[Dataset records]
[Start of section]
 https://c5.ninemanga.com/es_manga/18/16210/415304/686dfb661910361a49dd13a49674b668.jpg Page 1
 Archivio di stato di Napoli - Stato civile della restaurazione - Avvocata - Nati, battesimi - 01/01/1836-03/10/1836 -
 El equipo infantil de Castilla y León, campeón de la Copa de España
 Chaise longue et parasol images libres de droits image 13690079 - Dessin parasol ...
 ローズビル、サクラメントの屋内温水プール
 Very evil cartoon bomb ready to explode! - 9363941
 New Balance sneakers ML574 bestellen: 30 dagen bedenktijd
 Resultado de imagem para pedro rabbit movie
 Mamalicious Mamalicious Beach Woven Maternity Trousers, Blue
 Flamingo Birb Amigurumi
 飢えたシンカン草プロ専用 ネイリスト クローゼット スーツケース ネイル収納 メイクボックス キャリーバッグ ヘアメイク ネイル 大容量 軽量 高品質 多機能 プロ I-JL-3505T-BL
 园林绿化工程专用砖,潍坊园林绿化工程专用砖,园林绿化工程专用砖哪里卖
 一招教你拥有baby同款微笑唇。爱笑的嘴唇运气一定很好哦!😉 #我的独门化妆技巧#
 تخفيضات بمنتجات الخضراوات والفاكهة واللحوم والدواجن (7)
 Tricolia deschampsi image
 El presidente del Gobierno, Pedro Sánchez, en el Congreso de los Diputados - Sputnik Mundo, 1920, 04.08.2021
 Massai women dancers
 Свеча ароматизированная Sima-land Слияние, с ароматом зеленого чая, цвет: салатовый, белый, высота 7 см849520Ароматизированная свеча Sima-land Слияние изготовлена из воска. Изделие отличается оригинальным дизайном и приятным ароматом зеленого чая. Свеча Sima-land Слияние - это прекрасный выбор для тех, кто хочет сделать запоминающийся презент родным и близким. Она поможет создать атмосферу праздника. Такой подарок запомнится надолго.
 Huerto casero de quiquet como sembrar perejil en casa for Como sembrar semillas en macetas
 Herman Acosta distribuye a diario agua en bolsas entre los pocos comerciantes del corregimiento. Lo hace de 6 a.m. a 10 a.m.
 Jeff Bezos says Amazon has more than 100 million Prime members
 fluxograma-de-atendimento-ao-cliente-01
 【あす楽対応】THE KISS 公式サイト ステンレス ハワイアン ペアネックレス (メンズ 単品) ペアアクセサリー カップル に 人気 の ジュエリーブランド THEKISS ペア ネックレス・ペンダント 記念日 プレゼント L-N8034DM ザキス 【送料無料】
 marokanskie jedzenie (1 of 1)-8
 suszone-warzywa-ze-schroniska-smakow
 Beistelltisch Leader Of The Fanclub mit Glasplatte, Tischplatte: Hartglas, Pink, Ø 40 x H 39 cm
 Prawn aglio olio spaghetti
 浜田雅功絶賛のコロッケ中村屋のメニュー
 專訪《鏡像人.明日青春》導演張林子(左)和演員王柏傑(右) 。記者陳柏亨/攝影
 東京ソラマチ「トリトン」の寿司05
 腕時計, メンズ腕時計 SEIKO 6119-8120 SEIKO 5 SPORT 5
[End of section]
### YOUR ASSIGNMENT
A faithful retyping of every entry above is the task.

### TASK SOLUTION
 https://c5.ninemanga.com/es_manga/18/16210/415304/686dfb661910361a49dd13a49674b668.jpg Page 1
 Archivio di stato di Napoli - Stato civile della restaurazione - Avvocata - Nati, battesimi - 01/01/1836-03/10/1836 -
 El equipo infantil de Castilla y León, campeón de la Copa de España
 Chaise longue et parasol images libres de droits image 13690079 - Dessin parasol ...
 ローズビル、サクラメントの屋内温水プール
 Very evil cartoon bomb ready to explode! - 9363941
 New Balance sneakers ML574 bestellen: 30 dagen bedenktijd
 Resultado de imagem para pedro rabbit movie
 Mamalicious Mamalicious Beach Woven Maternity Trousers, Blue
 Flamingo Birb Amigurumi
 飢えたシンカン草プロ専用 ネイリスト クローゼット スーツケース ネイル収納 メイクボックス キャリーバッグ ヘアメイク ネイル 大容量 軽量 高品質 多機能 プロ I-JL-3505T-BL
 园林绿化工程专用砖,潍坊园林绿化工程专用砖,园林绿化工程专用砖哪里卖
 一招教你拥有baby同款微笑唇。爱笑的嘴唇运气一定很好哦!😉 #我的独门化妆技巧#
 تخفيضات بمنتجات الخضراوات والفاكهة واللحوم والدواجن (7)
 Tricolia deschampsi image
 El presidente del Gobierno, Pedro Sánchez, en el Congreso de los Diputados - Sputnik Mundo, 1920, 04.08.2021
 Massai women dancers
 Свеча ароматизированная Sima-land Слияние, с ароматом зеленого чая, цвет: салатовый, белый, высота 7 см849520Ароматизированная свеча Sima-land Слияние изготовлена из воска. Изделие отличается оригинальным дизайном и приятным ароматом зеленого чая. Свеча Sima-land Слияние - это прекрасный выбор для тех, кто хочет сделать запоминающийся презент родным и близким. Она поможет создать атмосферу праздника. Такой подарок запомнится надолго.
 Huerto casero de quiquet como sembrar perejil en casa for Como sembrar semillas en macetas
 Herman Acosta distribuye a diario agua en bolsas entre los pocos comerciantes del corregimiento. Lo hace de 6 a.m. a 10 a.m.
 Jeff Bezos says Amazon has more than 100 million Prime members
 fluxograma-de-atendimento-ao-cliente-01
 【あす楽対応】THE KISS 公式サイト ステンレス ハワイアン ペアネックレス (メンズ 単品) ペアアクセサリー カップル に 人気 の ジュエリーブランド THEKISS ペア ネックレス・ペンダント 記念日 プレゼント L-N8034DM ザキス 【送料無料】
 marokanskie jedzenie (1 of 1)-8
 suszone-warzywa-ze-schroniska-smakow
 Beistelltisch Leader Of The Fanclub mit Glasplatte, Tischplatte: Hartglas, Pink, Ø 40 x H 39 cm
 Prawn aglio olio spaghetti
 浜田雅功絶賛のコロッケ中村屋のメニュー
 專訪《鏡像人.明日青春》導演張林子(左)和演員王柏傑(右) 。記者陳柏亨/攝影
 東京ソラマチ「トリトン」の寿司05
 腕時計, メンズ腕時計 SEIKO 6119-8120 SEIKO 5 SPORT 5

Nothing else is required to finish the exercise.